The initial DATE type support should incluide the following changes:
- new internal type
- casting between DATE and other types
- codegen infrastructure for expression evaluation
- "IS [NOT] NULL" and "[NOT] IN" predicates
- common comparison operators
- BETWEEN operator
- conditional functions
- infrastructure changes for builtin scalar functions.
- some built-in functions: aggregate functions, analytical functions, math functions.
- support partitioning.
- text support only.
These items are tightly coupled and it makes sense to implement them in one change-set.
Attachments
Issue Links
- causes
-
IMPALA-10086 SqlCastException when comparing char with varchar
- Resolved
- is related to
-
IMPALA-7374 Impala Doc: Doc DATE type
- Closed
Activity
Commit 9f05cf79fa385ee6a5245ec7cb9ec1b9302c543d in impala's branch refs/heads/master from Michael Smith
[ https://gitbox.apache.org/repos/asf?p=impala.git;h=9f05cf79f ]
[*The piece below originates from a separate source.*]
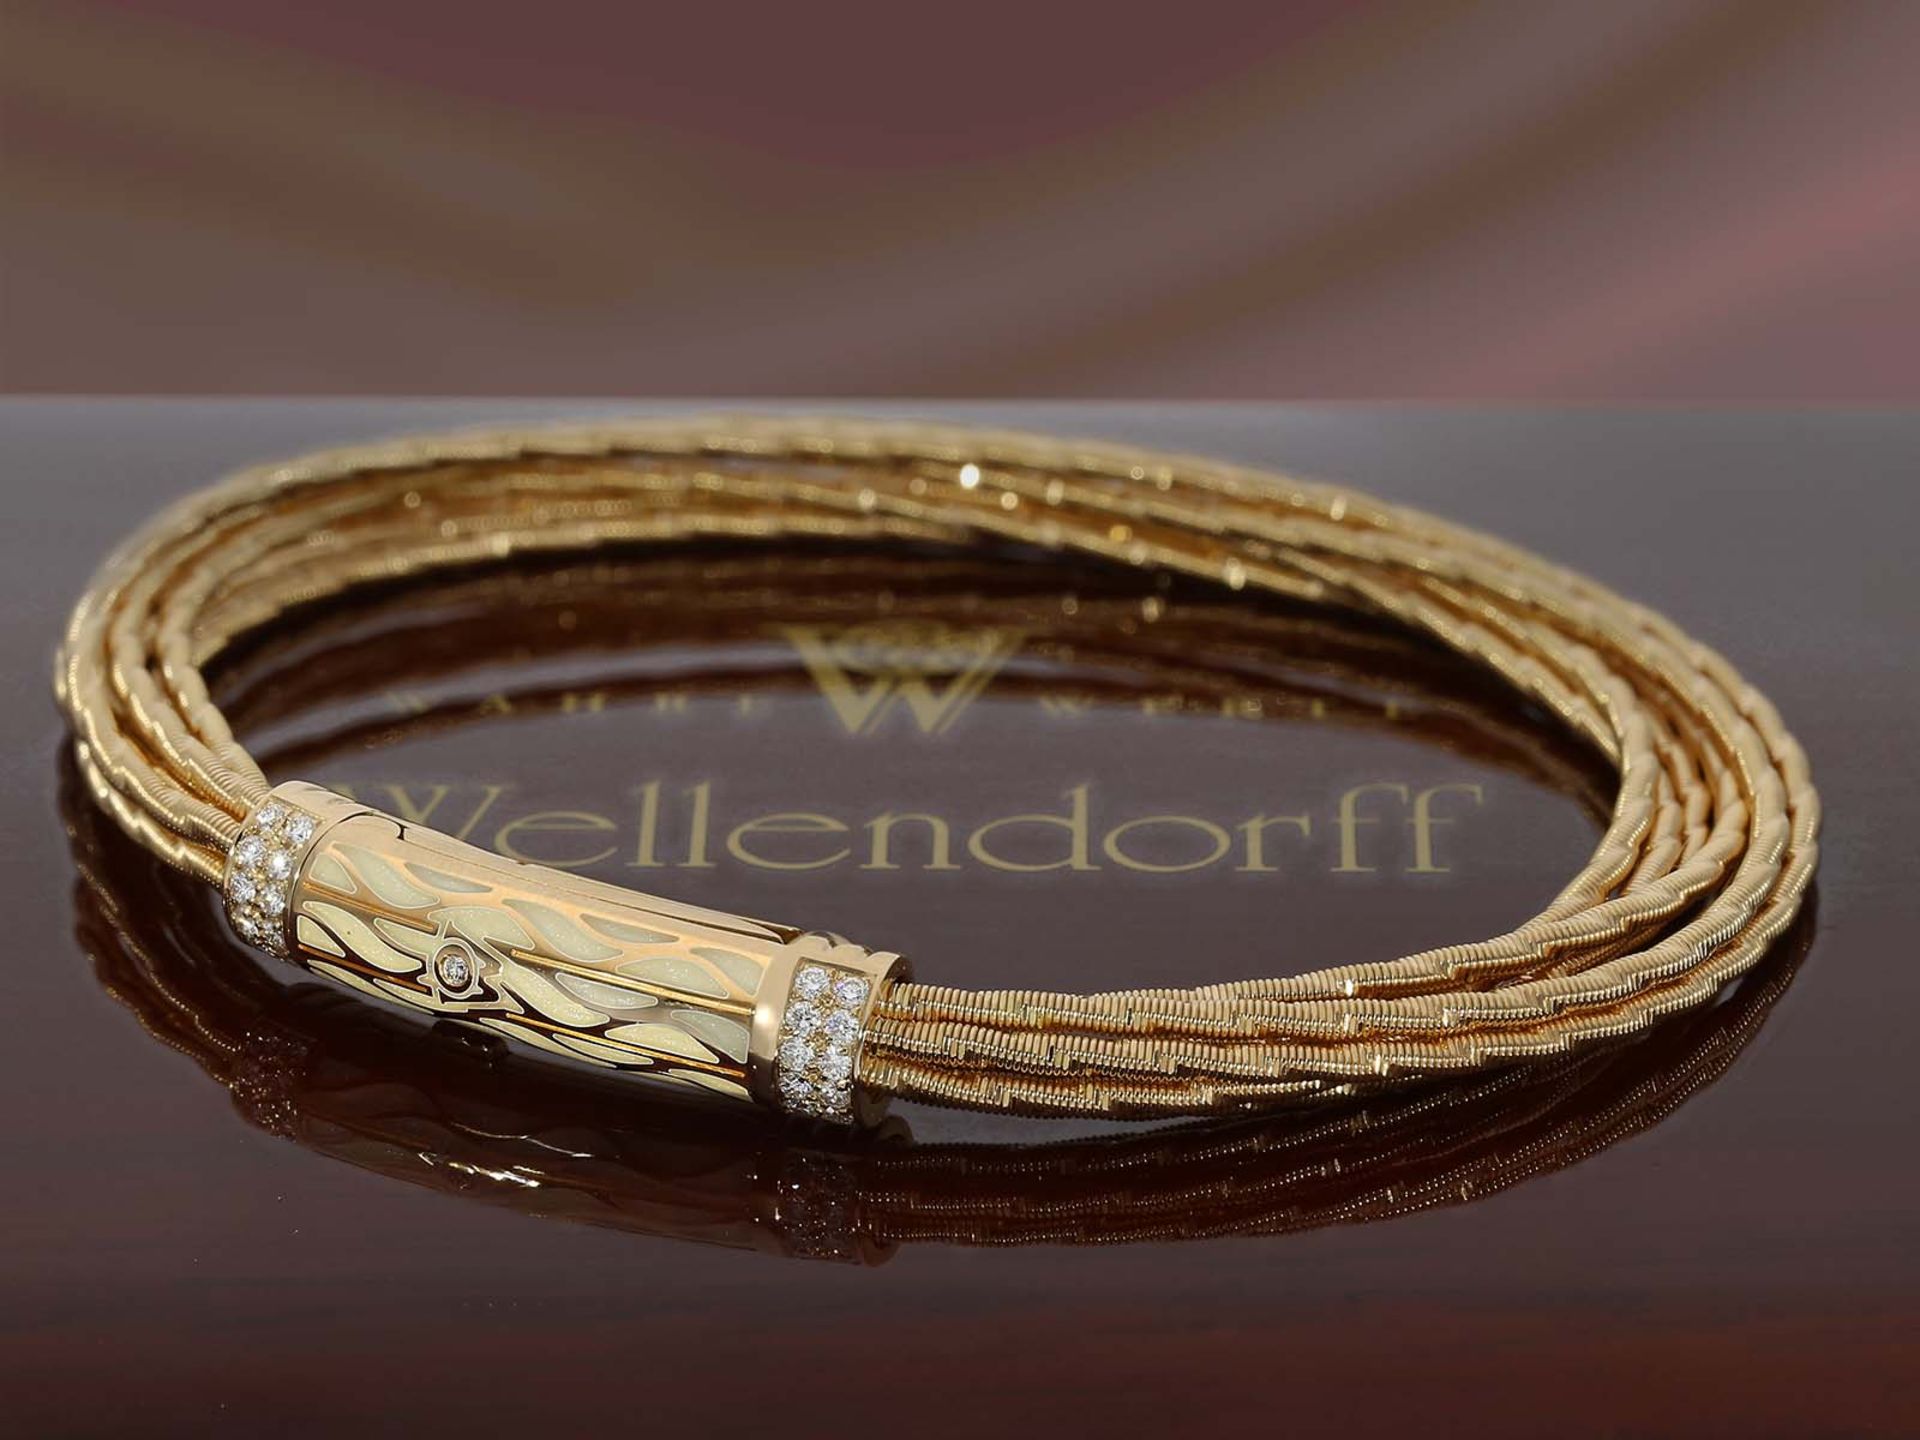 Armband: exquisites, neuwertiges Gold/Emaille-Armband von Wellendorff "Flügel der Nacht",

IMPALA-10086: Implicit cast comparing char and varchar
Until IMPALA-7368, Impala allowed comparing char and varchar slots as in
select * from functional.chars_tiny where cs = vc;
IMPALA-7368 added DATE type support, and as part of that changed
function call resolution to use a fit function based on the number of
arguments that match the call types. Previously the comparison above
would take the first matching function, which happened to be equality
between STRING and STRING; CHAR and VARCHAR can both be implicitly cast
to STRING, so this function worked. With the new function resolution,
the best fit is equality between VARCHAR and VARCHAR, however implicit
casting to VARCHAR from CHAR wasn't allowed.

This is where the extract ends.